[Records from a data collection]
################

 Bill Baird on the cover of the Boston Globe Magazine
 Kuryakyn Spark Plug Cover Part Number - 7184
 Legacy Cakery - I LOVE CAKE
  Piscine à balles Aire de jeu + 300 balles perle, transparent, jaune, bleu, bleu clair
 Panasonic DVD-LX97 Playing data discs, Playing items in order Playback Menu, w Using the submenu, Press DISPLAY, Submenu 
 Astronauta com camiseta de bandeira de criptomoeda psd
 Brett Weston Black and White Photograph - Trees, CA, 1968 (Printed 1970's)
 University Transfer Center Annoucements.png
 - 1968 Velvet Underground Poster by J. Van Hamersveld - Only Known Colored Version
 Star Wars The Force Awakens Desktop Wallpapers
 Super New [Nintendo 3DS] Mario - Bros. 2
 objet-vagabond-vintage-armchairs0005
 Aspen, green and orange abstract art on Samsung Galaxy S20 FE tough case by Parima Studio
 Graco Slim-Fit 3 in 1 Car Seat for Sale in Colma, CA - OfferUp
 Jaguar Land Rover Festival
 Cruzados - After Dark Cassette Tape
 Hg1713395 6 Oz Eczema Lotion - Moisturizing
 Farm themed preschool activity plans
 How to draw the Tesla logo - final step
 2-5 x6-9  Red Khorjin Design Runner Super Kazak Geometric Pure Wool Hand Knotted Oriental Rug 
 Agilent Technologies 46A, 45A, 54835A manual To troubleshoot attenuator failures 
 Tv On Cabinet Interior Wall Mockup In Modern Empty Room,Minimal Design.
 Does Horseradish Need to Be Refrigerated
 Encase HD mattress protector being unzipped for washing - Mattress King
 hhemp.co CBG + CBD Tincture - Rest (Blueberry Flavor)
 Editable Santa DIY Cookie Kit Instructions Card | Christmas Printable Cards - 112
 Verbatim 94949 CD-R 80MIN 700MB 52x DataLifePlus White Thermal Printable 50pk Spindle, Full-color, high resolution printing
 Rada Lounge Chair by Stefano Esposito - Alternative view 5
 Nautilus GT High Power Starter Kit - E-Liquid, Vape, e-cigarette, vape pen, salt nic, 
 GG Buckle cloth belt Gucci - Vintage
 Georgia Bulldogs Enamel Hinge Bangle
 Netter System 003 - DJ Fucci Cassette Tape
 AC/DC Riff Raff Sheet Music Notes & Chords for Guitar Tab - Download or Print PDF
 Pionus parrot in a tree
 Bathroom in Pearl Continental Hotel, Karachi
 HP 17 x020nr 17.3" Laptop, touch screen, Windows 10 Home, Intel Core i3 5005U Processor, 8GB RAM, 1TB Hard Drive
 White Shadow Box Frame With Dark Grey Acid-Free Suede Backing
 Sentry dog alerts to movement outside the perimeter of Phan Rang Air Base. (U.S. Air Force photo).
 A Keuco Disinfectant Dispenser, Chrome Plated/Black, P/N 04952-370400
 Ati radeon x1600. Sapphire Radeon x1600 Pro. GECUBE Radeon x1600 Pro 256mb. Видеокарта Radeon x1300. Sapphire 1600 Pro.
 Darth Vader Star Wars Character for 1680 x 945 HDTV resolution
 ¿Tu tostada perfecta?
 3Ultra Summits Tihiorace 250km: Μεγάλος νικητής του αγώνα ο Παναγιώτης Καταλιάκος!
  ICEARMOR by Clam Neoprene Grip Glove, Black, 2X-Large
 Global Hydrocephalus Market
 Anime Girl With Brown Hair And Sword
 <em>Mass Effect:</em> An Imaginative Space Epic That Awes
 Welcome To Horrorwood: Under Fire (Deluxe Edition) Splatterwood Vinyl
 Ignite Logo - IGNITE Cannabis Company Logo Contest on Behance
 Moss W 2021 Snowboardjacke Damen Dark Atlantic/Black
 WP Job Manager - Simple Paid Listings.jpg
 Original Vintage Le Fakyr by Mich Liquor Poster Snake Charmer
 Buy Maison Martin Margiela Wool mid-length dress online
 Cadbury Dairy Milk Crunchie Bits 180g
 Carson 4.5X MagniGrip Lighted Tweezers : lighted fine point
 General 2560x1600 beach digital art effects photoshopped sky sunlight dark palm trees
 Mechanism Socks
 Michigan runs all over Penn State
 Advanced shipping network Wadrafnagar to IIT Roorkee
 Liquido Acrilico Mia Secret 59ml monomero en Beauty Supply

################

From the records above, print exactly the lines that run from the line with "objet-vagabond-vintage-armchairs0005" to the line with "Editable Santa DIY", inclusive.

● **EXERCISE RESULT**
 objet-vagabond-vintage-armchairs0005
 Aspen, green and orange abstract art on Samsung Galaxy S20 FE tough case by Parima Studio
 Graco Slim-Fit 3 in 1 Car Seat for Sale in Colma, CA - OfferUp
 Jaguar Land Rover Festival
 Cruzados - After Dark Cassette Tape
 Hg1713395 6 Oz Eczema Lotion - Moisturizing
 Farm themed preschool activity plans
 How to draw the Tesla logo - final step
 2-5 x6-9  Red Khorjin Design Runner Super Kazak Geometric Pure Wool Hand Knotted Oriental Rug 
 Agilent Technologies 46A, 45A, 54835A manual To troubleshoot attenuator failures 
 Tv On Cabinet Interior Wall Mockup In Modern Empty Room,Minimal Design.
 Does Horseradish Need to Be Refrigerated
 Encase HD mattress protector being unzipped for washing - Mattress King
 hhemp.co CBG + CBD Tincture - Rest (Blueberry Flavor)
 Editable Santa DIY Cookie Kit Instructions Card | Christmas Printable Cards - 112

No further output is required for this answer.